By Peter Enahoro
(This is the concluding part of this piece which was first published on Thursday on Buhari’s pardon for late Anthony Enahoro)
That was the atmosphere in which a Federal Assets Investigation Panel was appointed. With Muhammed and Obasanjo heading the regime was there any surprise that Festac was a major target of interest?
Tony had returned from Kampala confident he had nothing to fear.
However, certain Press comments indicated that some person or persons were briefing negatively against Festac, suggesting a campaign. The hostility was evident when Tony appeared before the Panel. He was asked, “Chief, how many bank accounts do you have abroad?” Tony said the question surprised him. He went on that he’d read statements in the Press said to be by authoritative sources close to the Panel claiming he had several foreign bank accounts.

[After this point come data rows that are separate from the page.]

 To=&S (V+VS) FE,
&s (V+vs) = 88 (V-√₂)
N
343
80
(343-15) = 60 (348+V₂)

These had not been denied. He’d expected to be confronted with these ‘foreign bank accounts’. The very question how many accounts he had presumed he had any. He felt the Panel had already reached its conclusion on him. The hearing was a show. Government did not release the Panel’s report. Instead it published a White Paper in which it claimed the Panel indicted Tony.
Tony had, however, seen the original report. He knew what it said. What the Panel stated was,”Chief Enahoro refused to cooperate with the Panel”. On that basis he challenged the government to publish the original. He was at home in Benin when security operatives arrived from Lagos to conduct a search for what they said was a secret document. They did not find whatever they were looking for.

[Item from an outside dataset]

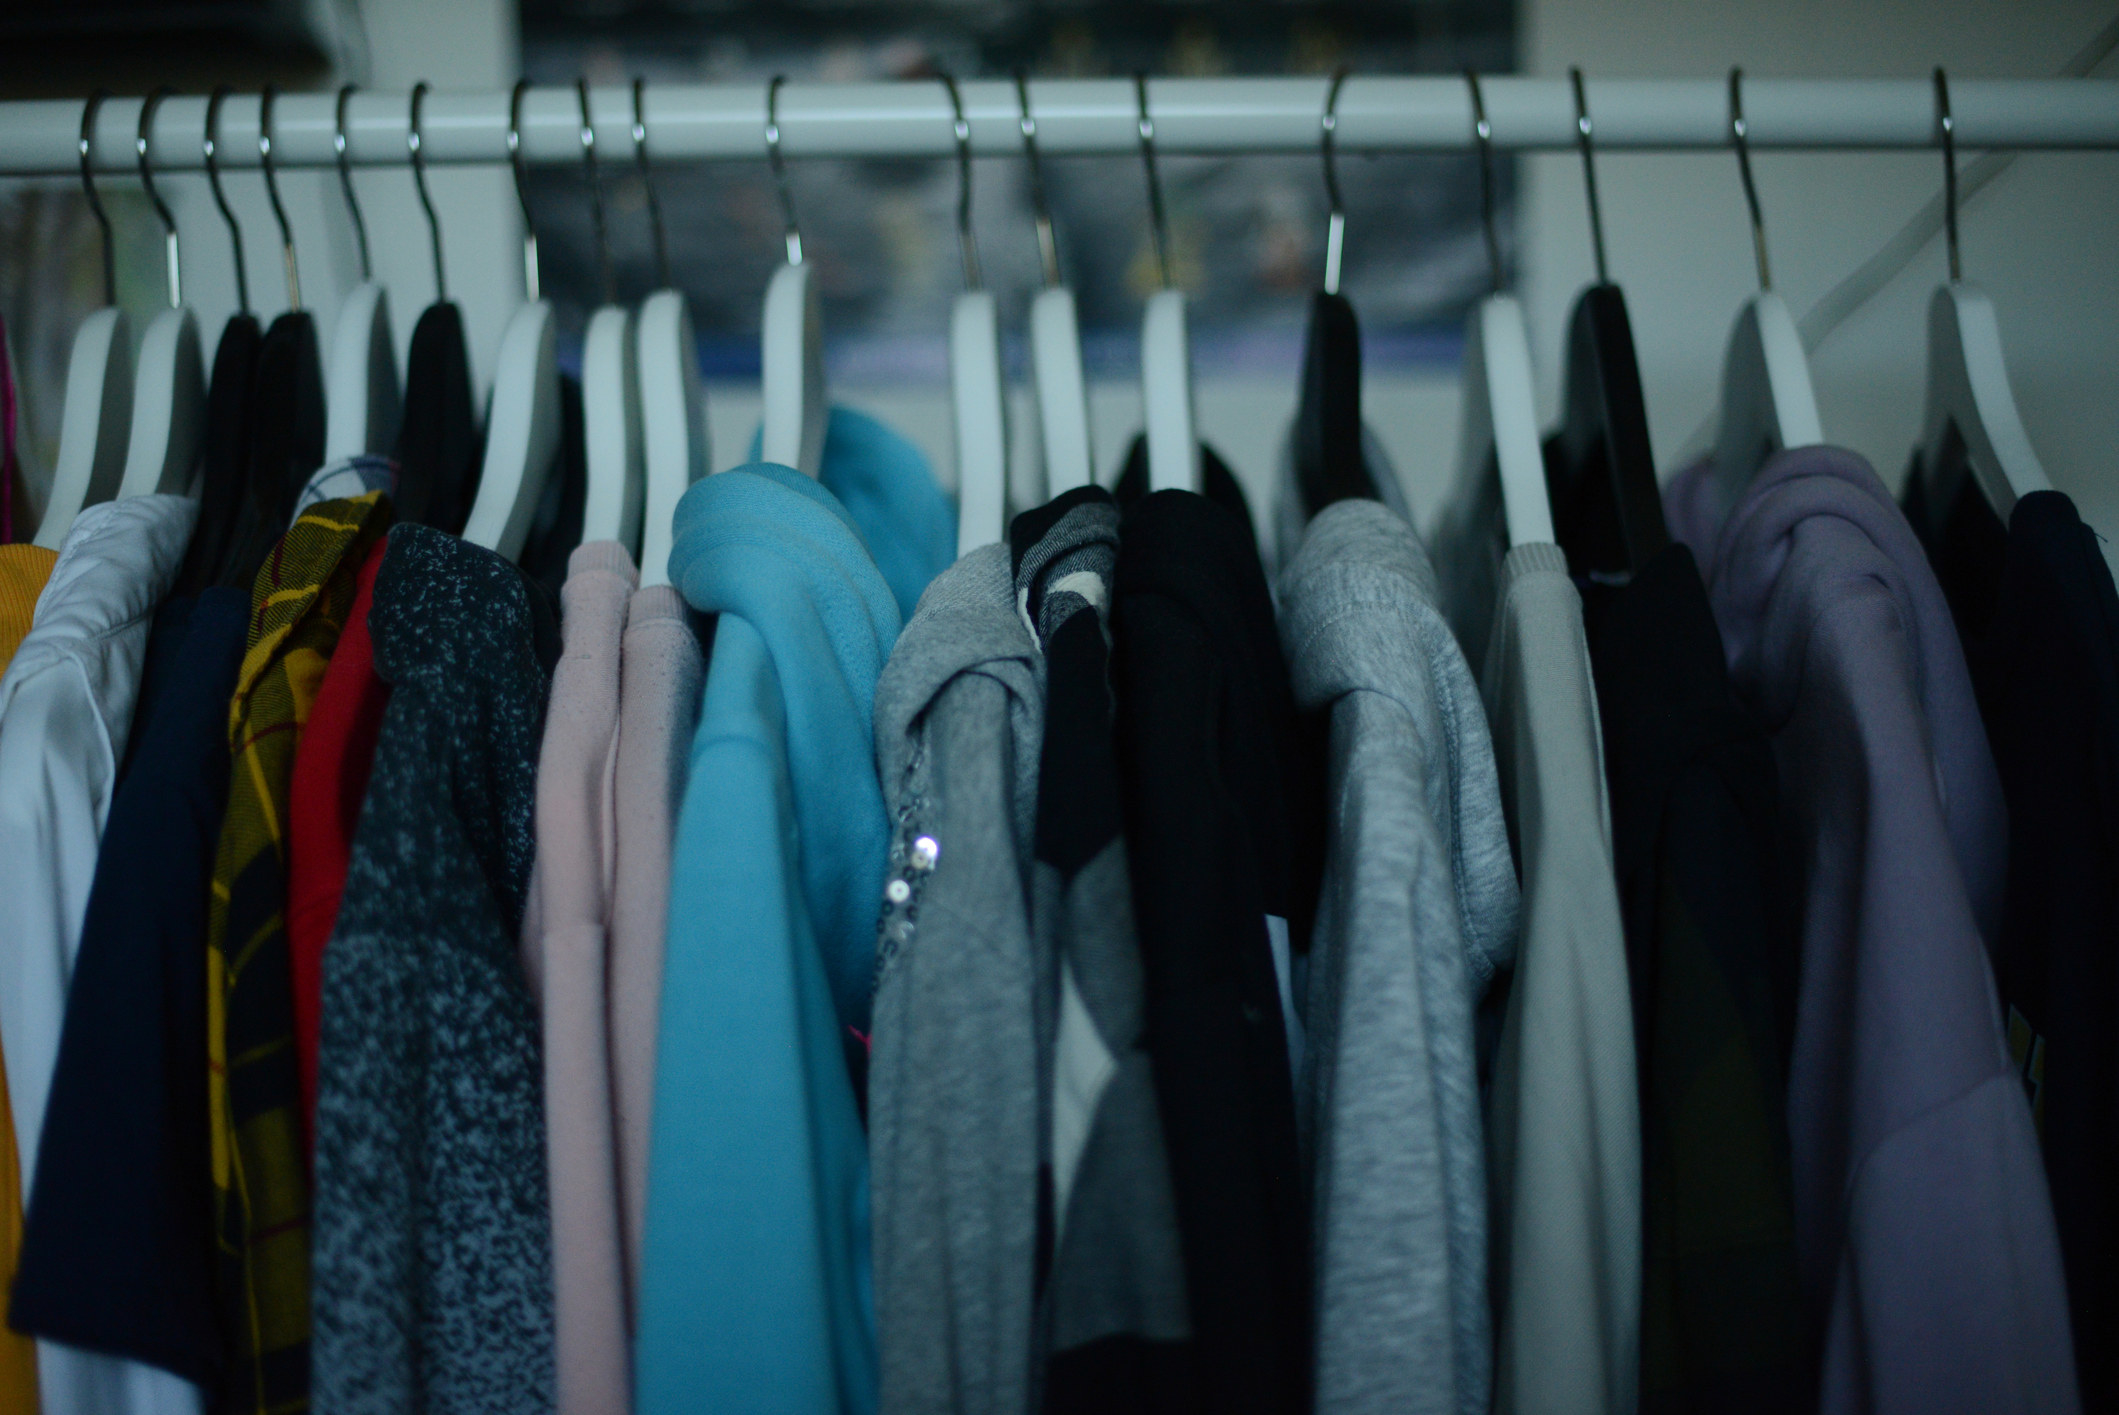 Close-up of closet rack of hoodies

On to Lagos in handcuffs they took him to Ikoyi Hotel where they knew he kept rooms. They found the report with his annotations in ink. The searchers were not satisfied with his explanation of how the secret state document came into his possession. They took him to Moloney Street Police headquarters for continued interrogation. Three weeks later a judge ordered his release on his wife’s petition for habeas corpus. He, however, was rearrested outside the court and taken back to Police Headquarters. This time his wife, Helen went straight off to see Gen. Musa Yar’Adua.

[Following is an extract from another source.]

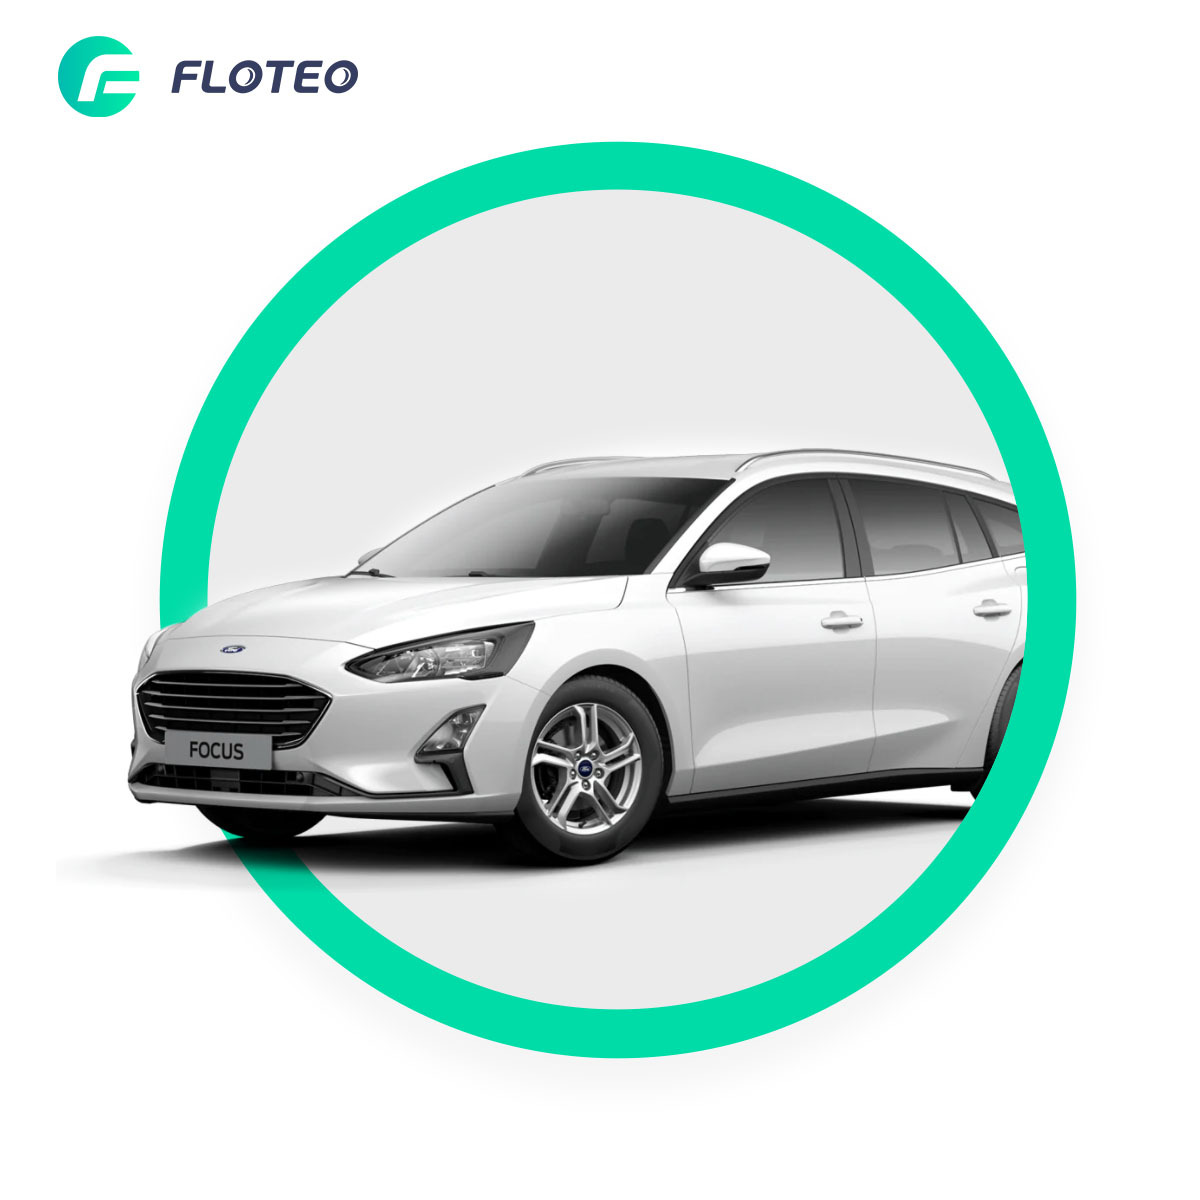 Ford Focus Kombi wynajem długoterminowy Floteo

Hours of waiting paid off. The Number Two man in Obasanjo’s military administration called up Inspector-General of Police, M. D. Yussuf. Why was Chief Enahoro rearrested? Orders from the top man, the IG retorted. If the court says he should be discharged so it should be, said Yar’Adua overruling the boss.
Helen reported she was at the door when Yar’Adua stopped her. “Madam, please tell Chief to try see the Head of State.” Yar’Adua claimed he once asked why there was all the palaver with Chief Enahoro and quoted Obasanjo saying it was being sorted, adding,”leave it to us Southerners.”
Tony was more upset about the allegation that he had acted corruptly than about the fact his properties were seized. He insisted they were properties he acquired before his serving in the Federal Government. I think though deeply hurt, he believed it was only a matter of time before the folly would be exposed. He was quite content to leave protests in the hands of his friend and lawyer, Kessington Momoh.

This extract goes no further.